Which is why I’ve chosen this piece by Colley Cibber  … I am funning with you, of course.  These lines, by John Betjeman, offer a glimpse of my idea of a perfect English summer holiday and I feel a deep yearning for the sea even as I copy out the words.

East Anglian Bathe – by John Betjeman (1906-1984)

Oh when early morning at the seaside
Took us with hurrying steps from Horsey Mere
To see the whistling bent grass on the leaside
And then the tumbled breaker-line appear,
On high, the clouds with mighty adumbration
Sailed over us to seaward fast and clear
And jelly fish in quivering isolation
Lay silted in the dry sand of the breeze
And we, along the table-land of beach blown
Went gooseflesh from our shoulders to our knees
And ran to catch a football, each to each thrown,
In the soft and swirling music of the seas.
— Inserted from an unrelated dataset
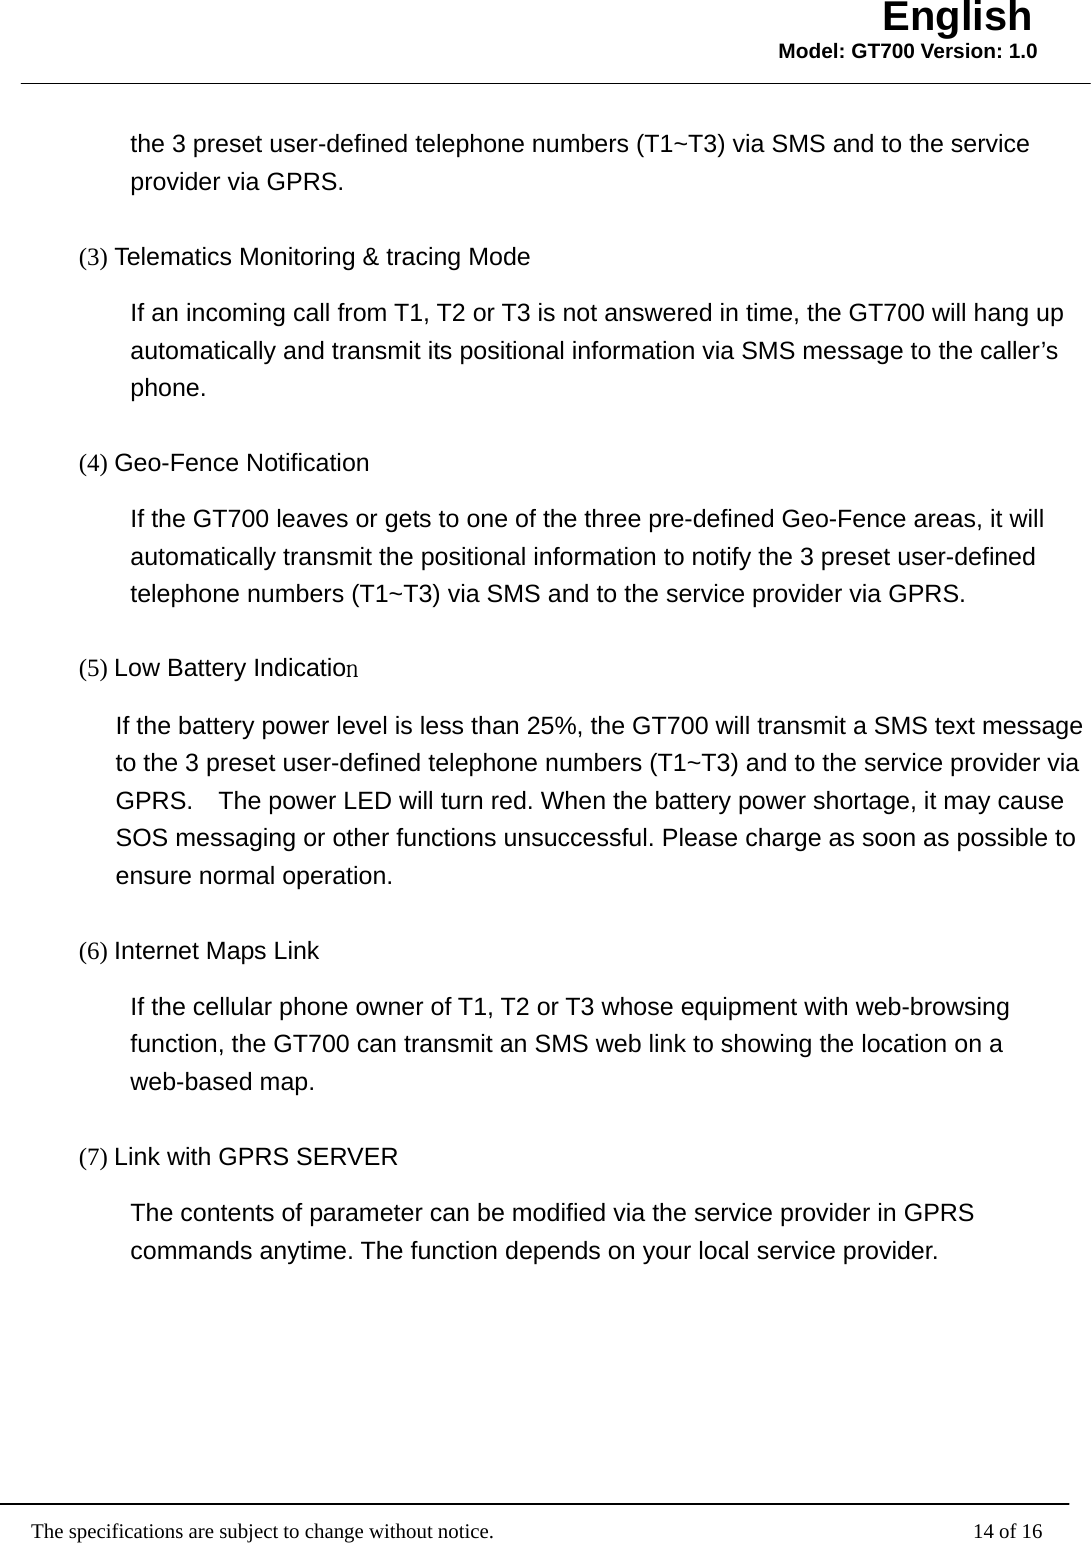                                                   The specifications are subject to change without notice.                                              14 of 16 English Model: GT700 Version: 1.0the 3 preset user-defined telephone numbers (T1~T3) via SMS and to the service provider via GPRS. (3) Telematics Monitoring &amp; tracing Mode If an incoming call from T1, T2 or T3 is not answered in time, the GT700 will hang up automatically and transmit its positional information via SMS message to the caller’s phone. (4) Geo-Fence Notification If the GT700 leaves or gets to one of the three pre-defined Geo-Fence areas, it will automatically transmit the positional information to notify the 3 preset user-defined telephone numbers (T1~T3) via SMS and to the service provider via GPRS. (5) Low Battery Indication If the battery power level is less than 25%, the GT700 will transmit a SMS text message to the 3 preset user-defined telephone numbers (T1~T3) and to the service provider via GPRS.    The power LED will turn red. When the battery power shortage, it may cause SOS messaging or other functions unsuccessful. Please charge as soon as possible to ensure normal operation. (6) Internet Maps Link If the cellular phone owner of T1, T2 or T3 whose equipment with web-browsing function, the GT700 can transmit an SMS web link to showing the location on a web-based map. (7) Link with GPRS SERVER The contents of parameter can be modified via the service provider in GPRS commands anytime. The function depends on your local service provider.

There splashed about our ankles as we waded
Those intersecting wavelets morning-cold,
And sudden dark a patch of sea was shaded,
And sudden light, another patch would hold
The warmth of whirling atoms in a sun-shot
And underwater sand storm green and gold.
So in we dived and louder than a gun shot
Sea-water broke in fountains down the ear.
How cold the bathe, how chattering cold the drying,
How welcoming the inland reeds appear,
The wood-smoke and the breakfast and the frying,
And your warm freshwater ripples, Horsey Mere.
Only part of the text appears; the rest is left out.